Tensor Methods in Deep Learning and their Efficiency
Abstract: TBD
Network compression using tensor decompositions and pruning
Abstract: In this talk, I will present NORTON, a hybrid network compression method combining tensor decompositions and pruning. NORTON introduces the concept of filter decomposition, enabling a detailed breakdown of the network while preserving the multidimensional properties of weights. Additionally, it incorporates a novel structured pruning approach to integrate the decomposed model. The efficacy of this method is demonstrated through its application to state-of-the-art convolutional neural networks.
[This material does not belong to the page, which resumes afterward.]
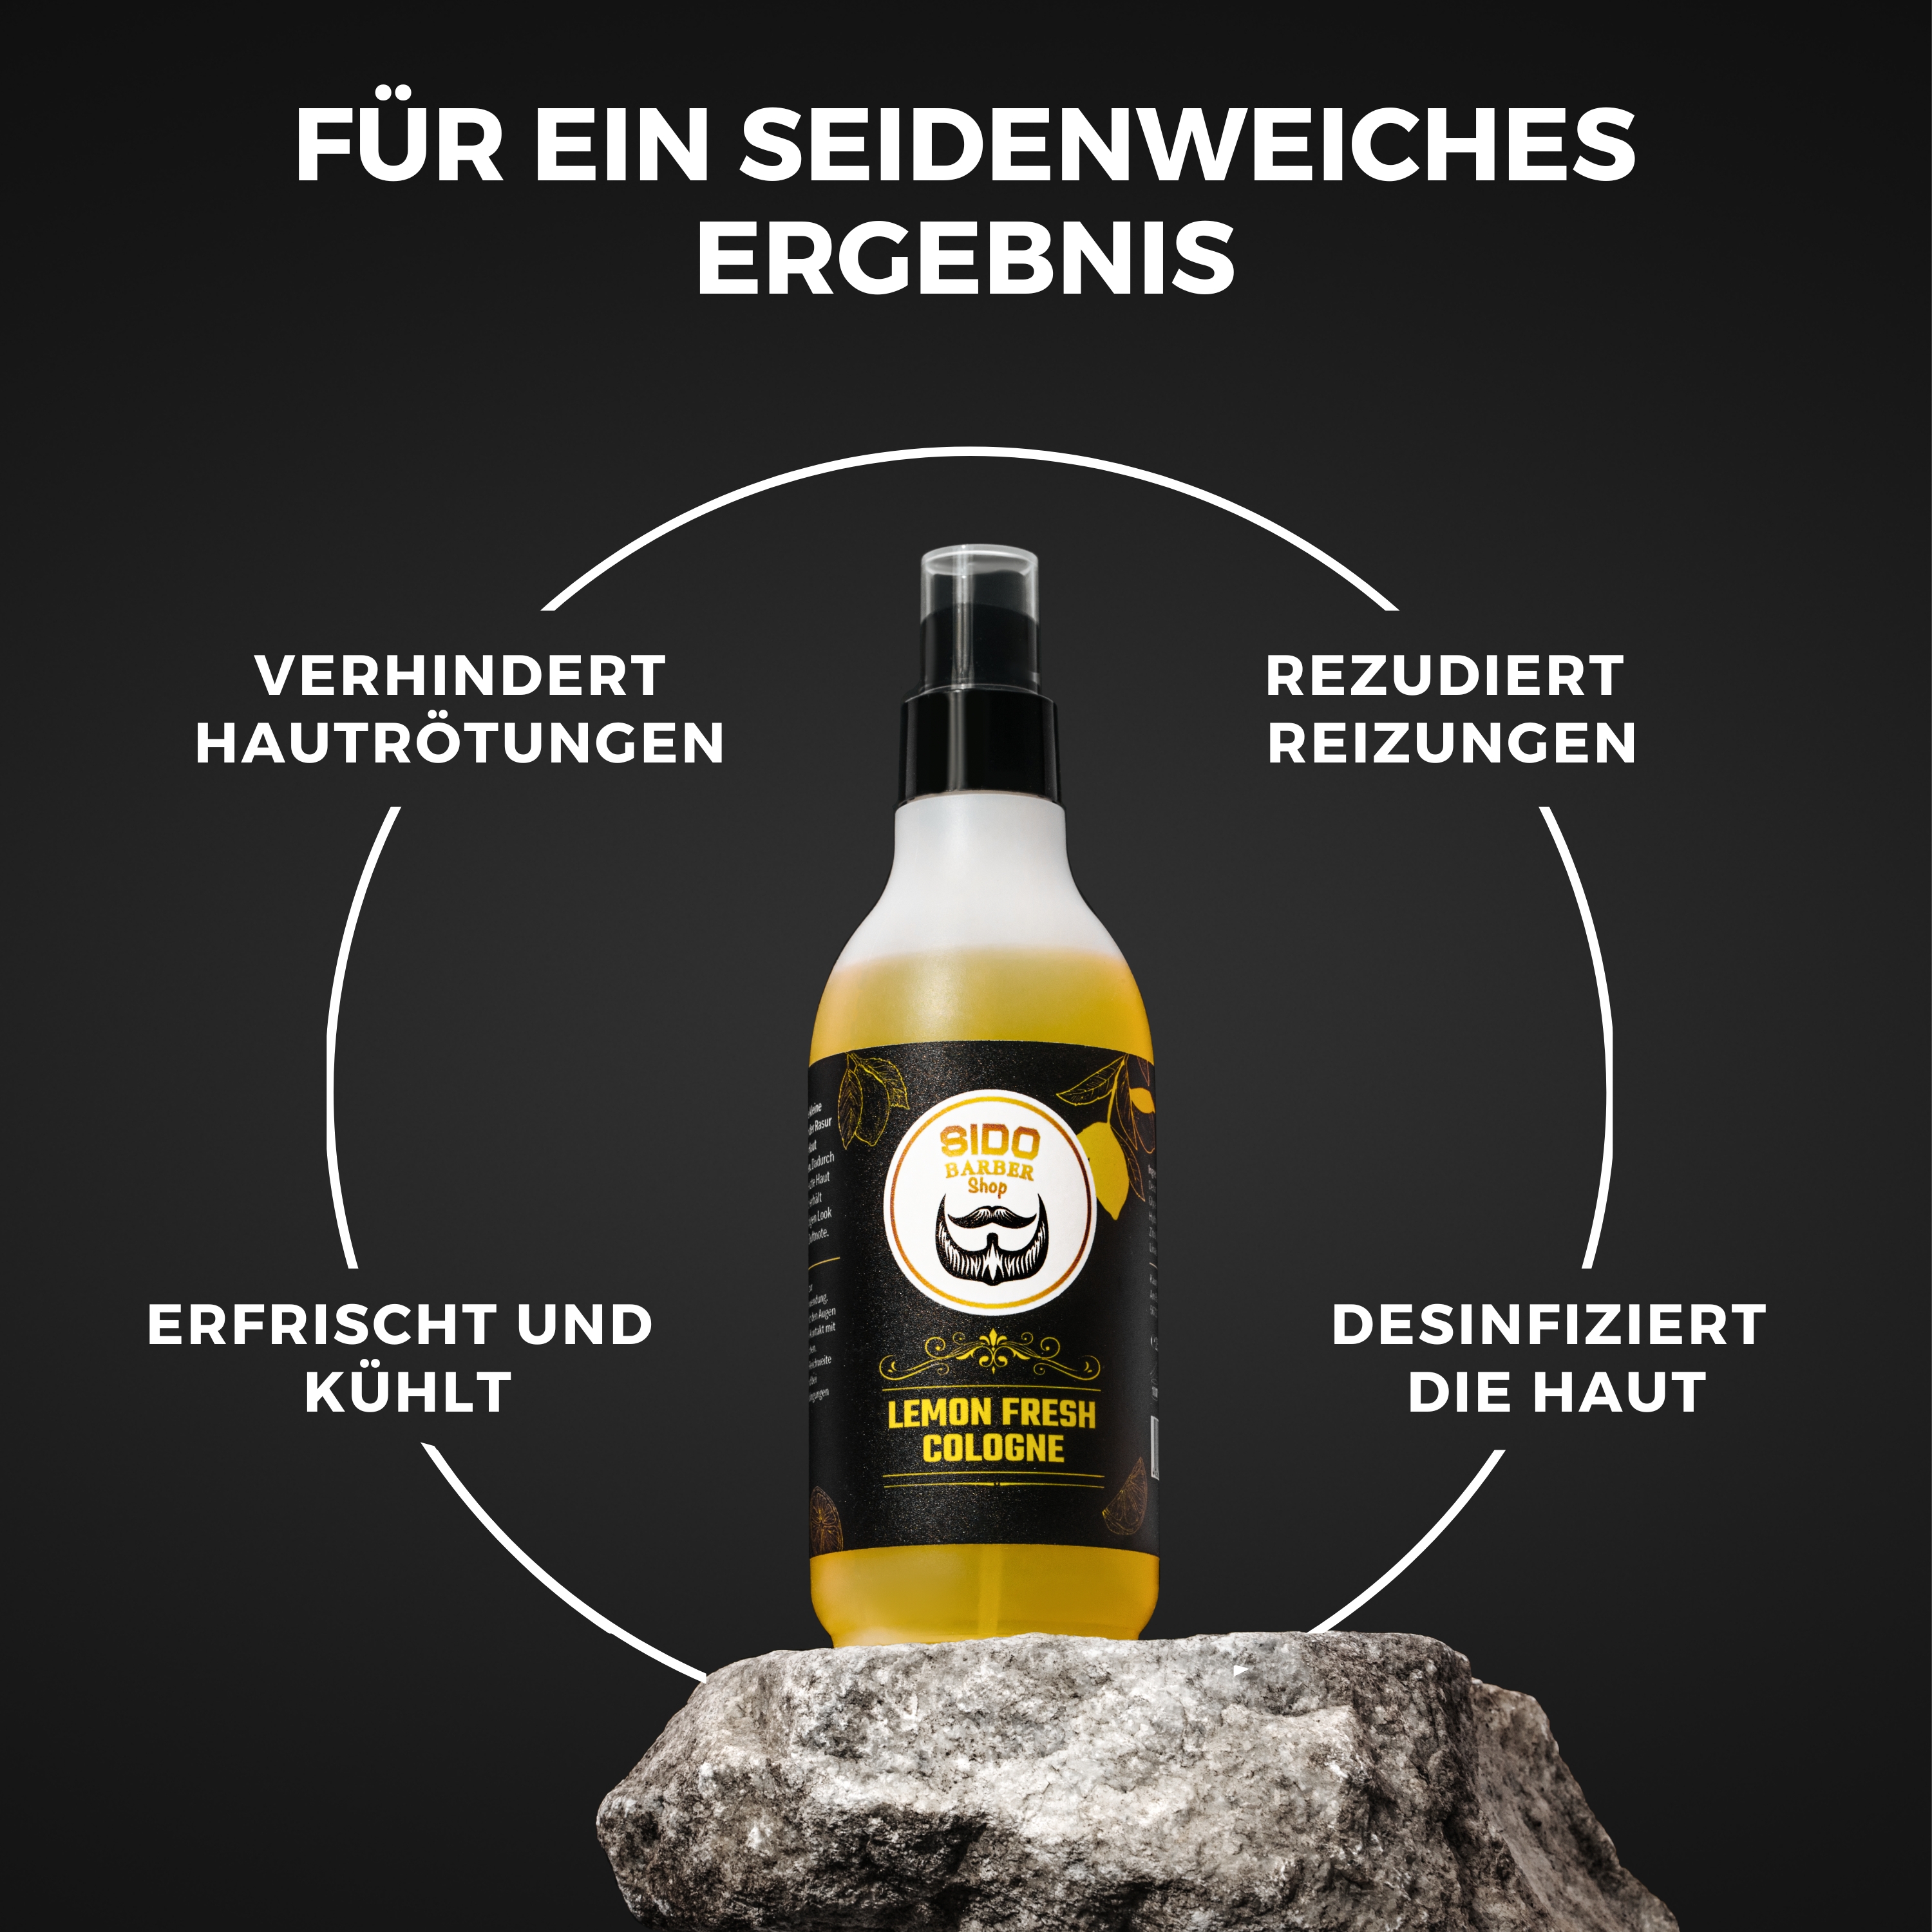 SIDO BARBER Cologne Spray After Shave Herren (250ml, Fresh Lemon) - Barber Spray for Men nach der Rasur - Rasierwasser Spray zur Pflege nach der Rasur - Beruhigt die Haut nach dem Rasieren

A small part of the talk will discuss an ongoing work called CONCATENATION (Coupled Tensor Decomposition for Compact Network Representation). This approach decomposes the most similar filters in a coupled manner, providing a more compact representation of deep neural networks.
Low-rank compression of LLMs
Abstract: After a brief motivation and reminder of important LLM fundamental properties, such as transformer scaling laws, I will focus on a family of methods to achieve low-rank compression of LLMs. I will discuss a few limitations of previous methods, and propose an approach to combine low-rank compression with distillation to reduce the cost of compressing a model, the amount of calibration data required and the convergence time. The proposed method generalizes to non-linear layers and we demonstrate its efficiency on state-of-the-art transformer LLMs, but also on Mamba and speech-text Whisper models.
Efficient Computation of Low-Rank Representations to Reduce Memory Requirements in LLM Training
Abstract: The OpenGPT-X project represents one of Europe’s pioneering publicly funded efforts in the domain of large language models (LLMs), covering the entire lifecycle from pre-training foundational models to fine-tuning and practical application development. To maximize the efficiency of training on High Performance Computing (HPC) resources, strategies aimed at reducing computational and memory demands are being explored. A promising avenue exploits the low-rank structure of gradients, as done in the LoRA or GaLore frameworks, the latter of which relies on the computation of dominant low-rank subspaces during training. The randomized range finder algorithm provides a more efficient alternative to computing a full singular value decomposition (SVD). We introduce a novel variant of the range finder, based on the blocked Householder QR decomposition, optimized for modern GPU accelerators.
Artificial Neuroscience: metrology and engineering for Deep Learning using Linear Algebra
Abstract: Our new, UK-funded project (which shares a title with this presentation) sets out to establish a new, holistic approach to the understanding and engineering of Artificial Neural Networks. Called Artificial Neuroscience it draws inspiration from natural neuroscience, borrowing and re-imagining its established scientific method and practice, mixing that with mathematics, signal processing and eventually, systems engineering, to Engineer Better AI.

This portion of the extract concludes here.